# Live Center Recomendation



## Que (Oct 31, 2012)

Looking for a quality live center for my G0602. I need the dia of the body to be smaller than the norm. Also like for the center to be of a narrow design also. Thanks for any help/suggestions.


----------



## 7HC (Oct 31, 2012)

Que said:


> Looking for a quality live center for my G0602. I need the dia of the body to be smaller than the norm. Also like for the center to be of a narrow design also. Thanks for any help/suggestions.



What taper?  LMS has a small MT2 one.


M


----------



## Que (Oct 31, 2012)

7HC said:


> What taper?  LMS has a small MT2 one.
> 
> 
> M



Sorry about that; yes its a MT2


----------



## 7HC (Oct 31, 2012)

Que said:


> Sorry about that; yes its a MT2



Ok, here's the one I was thinking of, it's short, narrow, and inexpensive: http://littlemachineshop.com/products/product_view.php?ProductID=1189&category=

Hope that helps.


M


----------



## Que (Oct 31, 2012)

I would like to find one with a much slimmer body if possible. Almost like a dead center in its shape.


----------



## 7HC (Oct 31, 2012)

Que said:


> I would like to find one with a much slimmer body if possible. Almost like a dead center in its shape.

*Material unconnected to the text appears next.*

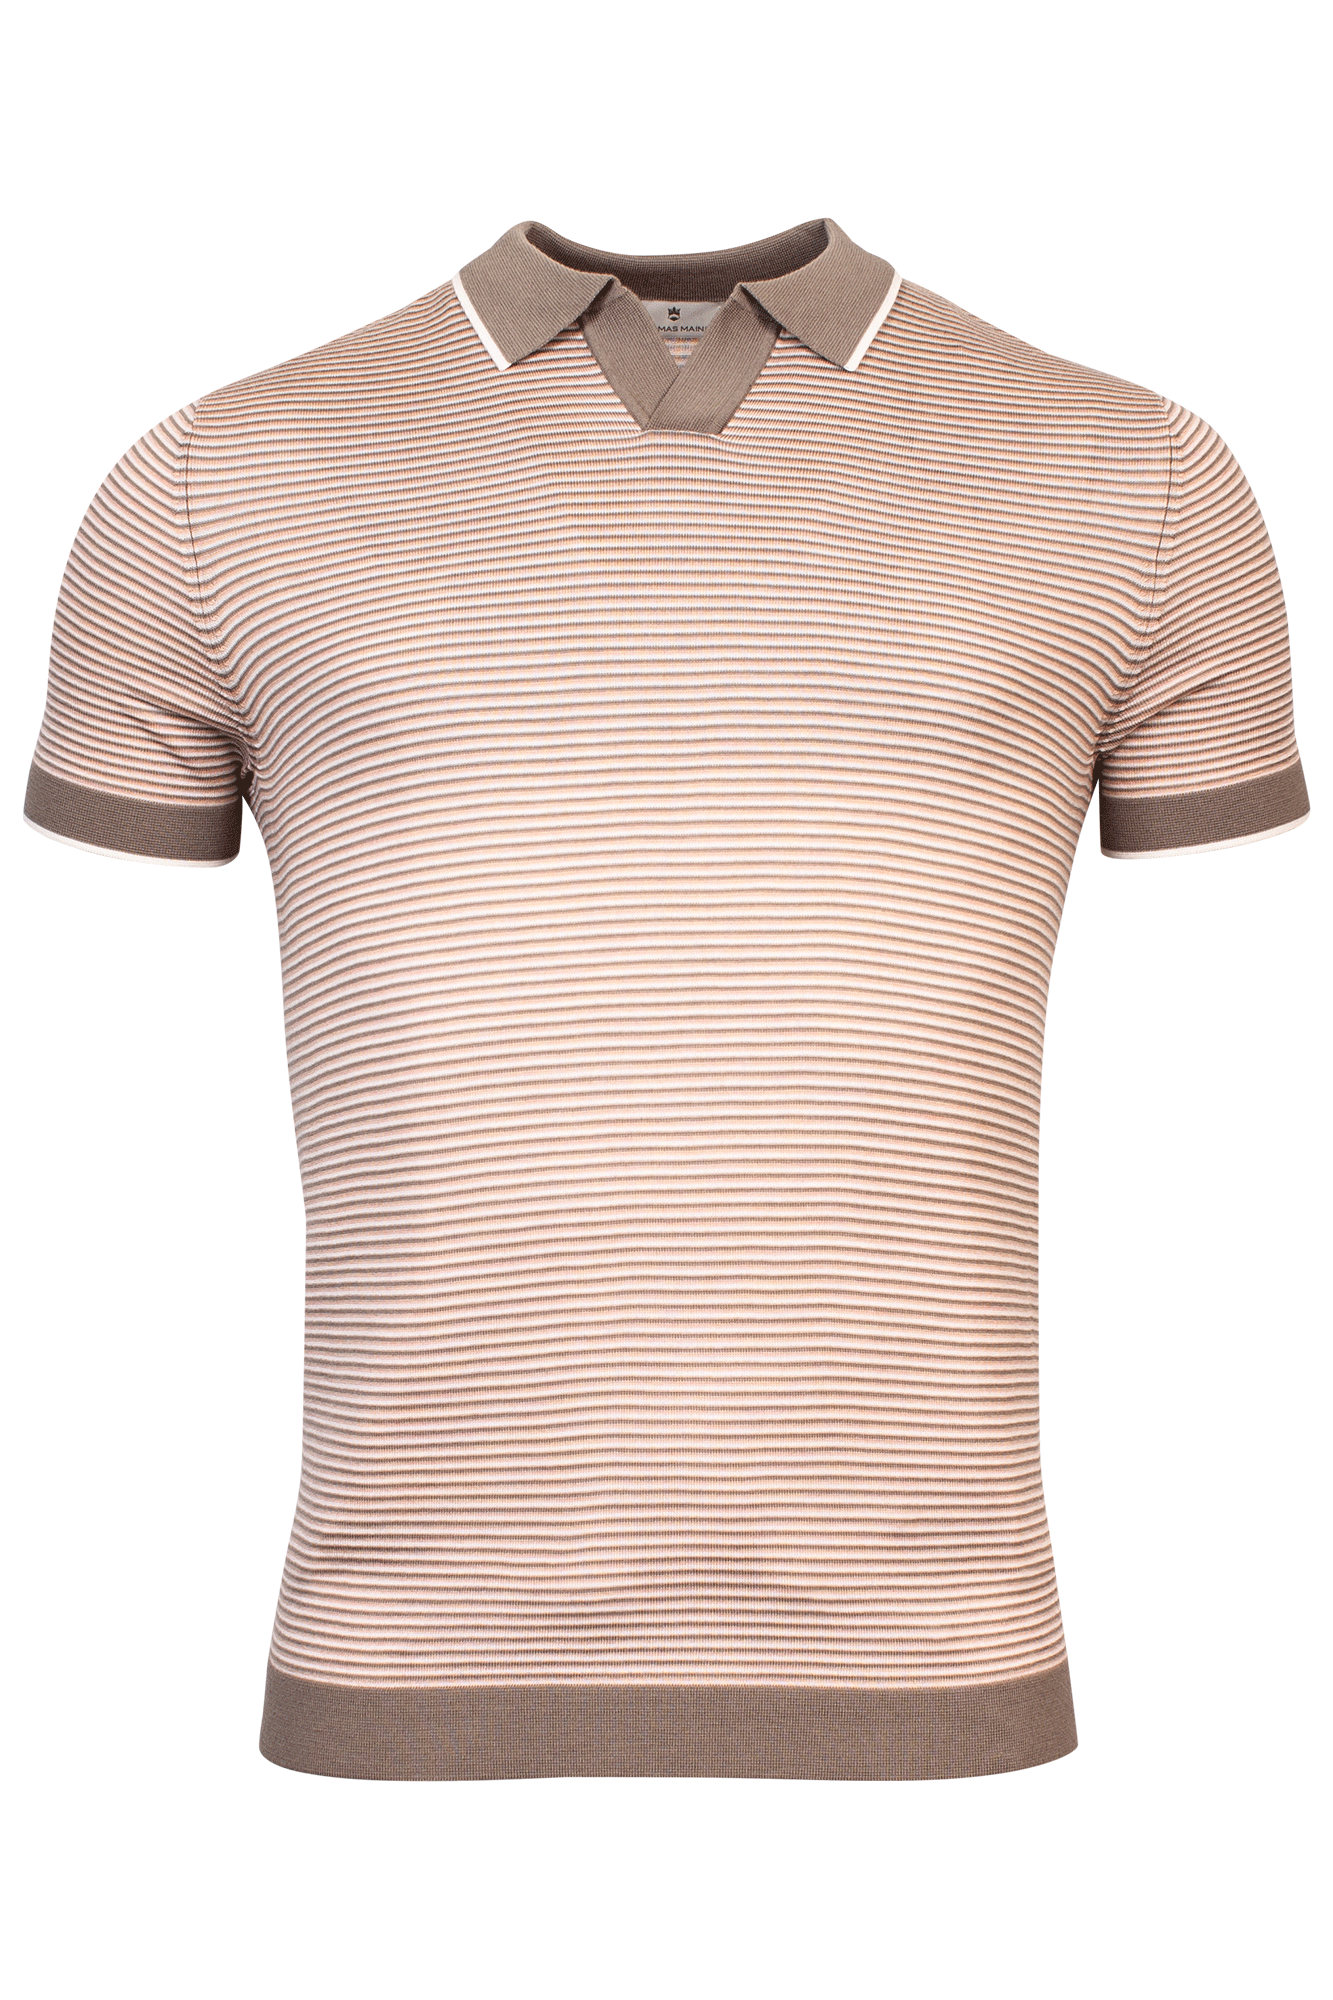 Pullover V-Neck Polo collar - Shirt Sleeves

Would a 1" diameter head be too large?


M


----------



## Que (Oct 31, 2012)

7HC said:


> Would a 1" diameter head be too large?
> 
> 
> M



Not at all. Sounds like that'd be the ticket. Where can that be found?


----------



## 7HC (Oct 31, 2012)

Que said:


> Not at all. Sounds like that'd be the ticket. Where can that be found?




Here at Grizzly:http://www.grizzly.com/products/Live-Center-MT1/H3407

It's on a MT1 though, so youd need a MT2-MT1 adaptor.


M


----------



## Que (Nov 1, 2012)

Wasn't thinking straight when I posted this. The lathe uses a MT3. Sorry about that.


----------



## 7HC (Nov 1, 2012)

Que said:


> Wasn't thinking straight when I posted this. The lathe uses a MT3. Sorry about that.



If the live center suits what you need you can still adapt it from MT1 to MT3.


M


----------